You saw the Heartbreakers and Television in New York City. You knew what this new music was, and you had some songs written before you went out West. Were they in the style of punk, or was that something you honed once you got to L.A.?
I think it got honed when I got out there. I wouldn’t say I copied stuff, but I sort of took the feelings and rhythms. Everybody started influencing everybody else. Definitely, I was influenced by the Ramones, Fear, and Nick Lowe a little bit, maybe Elvis Costello. I give Billy and Exene a large amount of credit for making X’s sound original because of Billy’s rockabilly style. He was the first person, except for mayb
e Robert Quine, who did those kinds of guitar parts. He knew how to play guitar really well, he knew how to play that style of guitar, and he was the first person to put rockabilly into punk rock. And Exene’s style of singing, and the two of us together, set us apart. Nobody else had two lead vocals, and even now a lot of people you can point to hear that. I borrowed a lot from the Velvet Underground, Lou Reed, and a little from Iggy and the Stooges, but I didn’t know them. That Modern Lovers record was really influential to a lot of people. That seemed to be on everybody’s turntable.
What were the Venice Poetry Workshops, where you met Exene, like?

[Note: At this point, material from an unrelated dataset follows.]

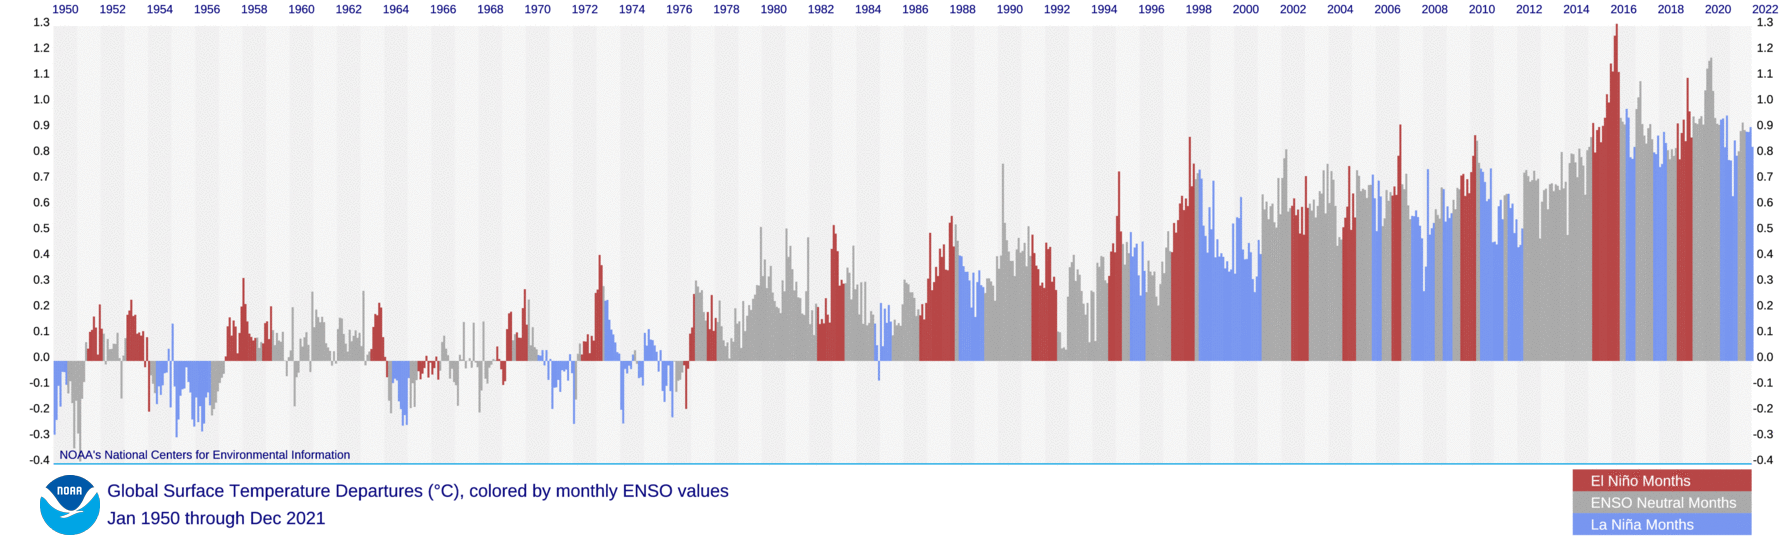 Global monthly temperature anomalies, with ENSO status

There were a few different people that taught. Jack Grapes was one and Jim Krusoe was another. I think Kate Braverman taught a bit, and Bill Mohr. They would just lead it. There would be a dozen people there, maybe less, and everyone would read, and people would critique it. Sometimes it was nice, and sometimes it was not nice. I had been in poetry workshops prior to it as well. I had studied poetry at Antioch in Baltimore, which was a totally hilarious college experience. All the classes were at night. The “campus” was the second floor of an insurance building, and the students were mostly domestic help, or as they were called back then, cleaning ladies, that were studying black history. You could get a college grant by signing your name, by filling out a one-page document. Here you go, college grad. I guess Antioch College was famous for having a zillion satellite campuses, but there were two writing teachers. And you could take courses at the Maryland Art Institute. They had some sort of sharing system.